CPRS: Text Integration Utilities (TIU)
Overview
Text Integration Utilities (TIU) simplifies the use and management of clinical documents for both clinical and administrative medical facility personnel. In connection with Authorization/Subscription Utility (ASU), a facility can set up policies and practices for determining who is responsible or has the privilege for performing various actions on required documents.
The Version 1.0 release included Discharge Summary and Progress Notes. With the release of
CPRS and Consults/Request Tracking, TIU has been upgraded to integrate with these packages.
Features
- Provides boilerplate functionality for the automatic fill-in of information from VistA files into TIU documents. Boilerplates and embedded objects can be set up for specific types of documents for specific clinical needs.
- Interfaces with the Computerized Patient Record System (CPRS): the template utilities in the GUI version of CPRS allow speedy point-and-click composition of notes, consults, and summaries. Templates can be set up for specific types of documents for specific clinical needs. Interfaces with Problem List, Automated Information Capture System (AICS), Patient Care Encounter (PCE), Authorization/Subscription Utility (ASU), Incomplete Record Tracking, Health Summary, and Visit Tracking. Uses a standardized and common user interface, which allows clinicians and others to retrieve many kinds of documents from a single source.
- Enables healthcare practitioners to enter interdisciplinary notes regarding a single episode of care for a patient. This is accomplished through the addition of a level to the tree structure where a note can have children (subordinate entries) and each of the children can have a different author. This provides for more complete patient records and facilitates input from a variety of practitioners regarding a single episode of care.
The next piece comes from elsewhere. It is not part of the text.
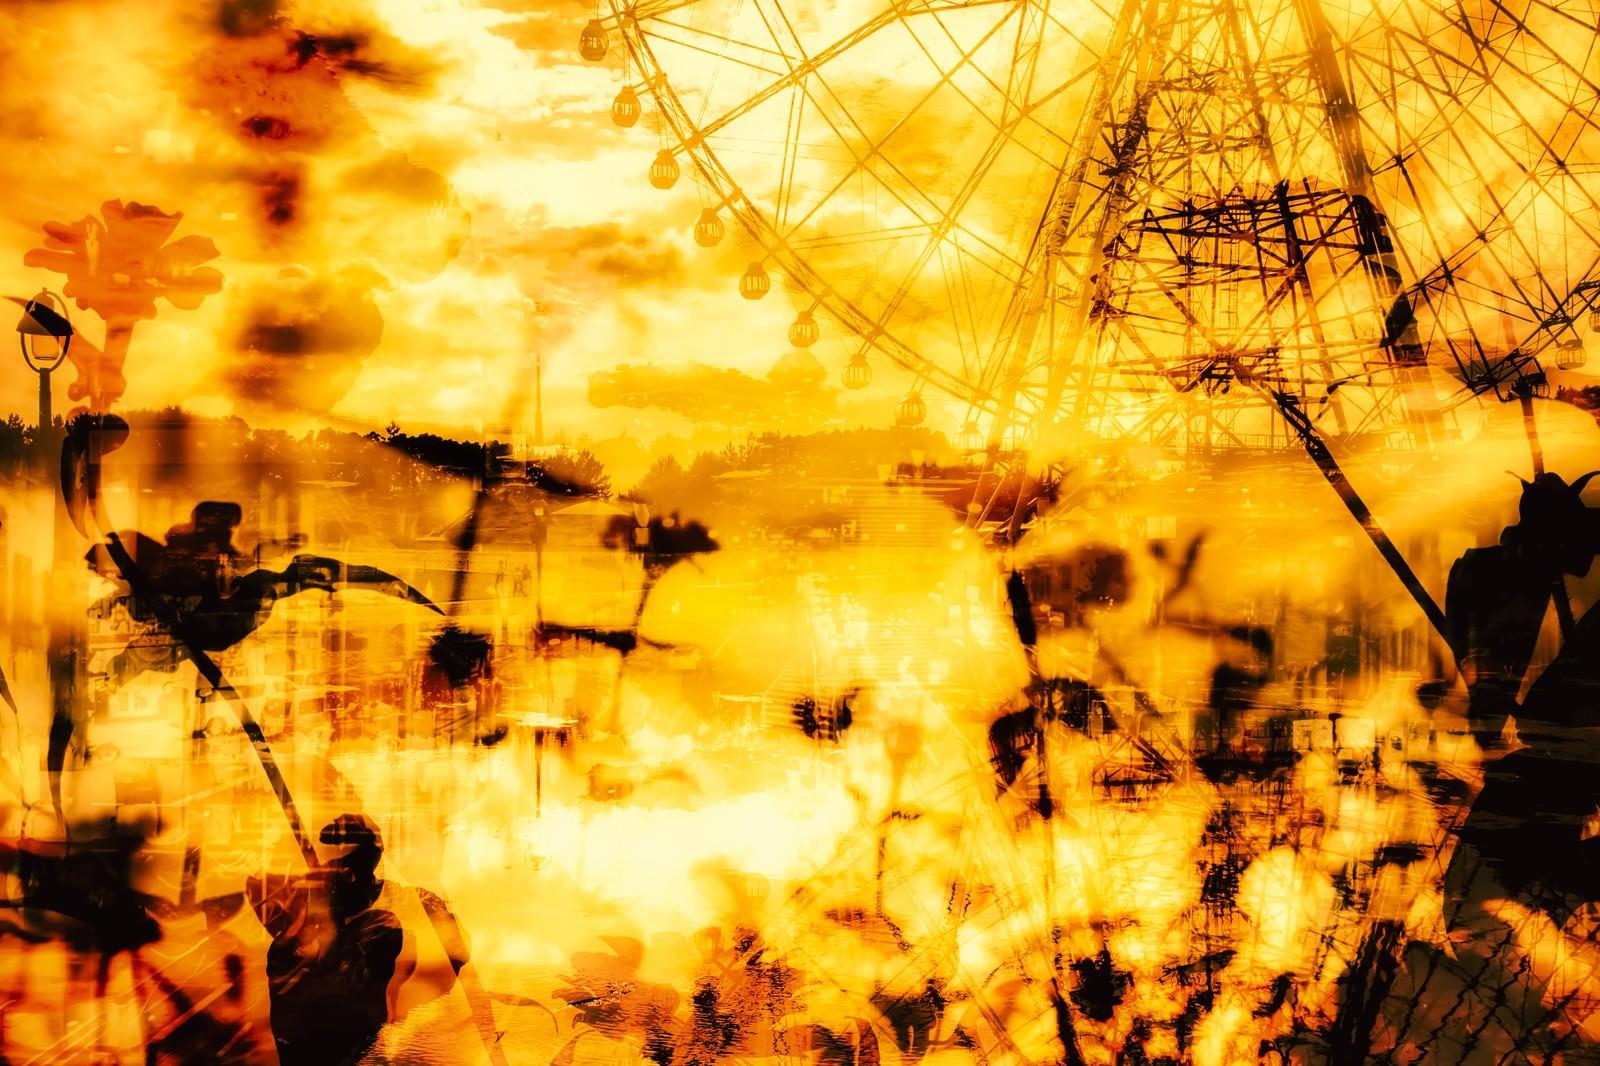 「追憶と観覧車(フォトモンタージュ)追憶と観覧車(フォトモンタージュ)」のフリー写真素材を拡大

- Interfaces with VistA Imaging allowing clinicians to link TIU documents to all types of clinical images such as X-rays, MRIs, and CAT scans.
- Uses an integrated database, which lets clinicians, quality management staff, researchers, and management search for and retrieve clinical documents more efficiently because documents reside in a single location within the database.
- Permits document input from a variety of data capture methodologies such as transcription, direct entry through CPRS or the TIU package, or upload of ASCII formatted documents into VistA.
- Uses a uniform file structure for storage of documents and management of document types.
- Uses a consistent file structure for defining elements and parameters of a document.
- Allows a variety of user actions, such as entry, edit, electronic signature, addenda, browse, notifications, etc.
- Allows a variety of management functions, including amendment, deletion, and identification of signature surrogate, re-assignment, and administrative authentication.
- Follows HL7 interface and other communication standards.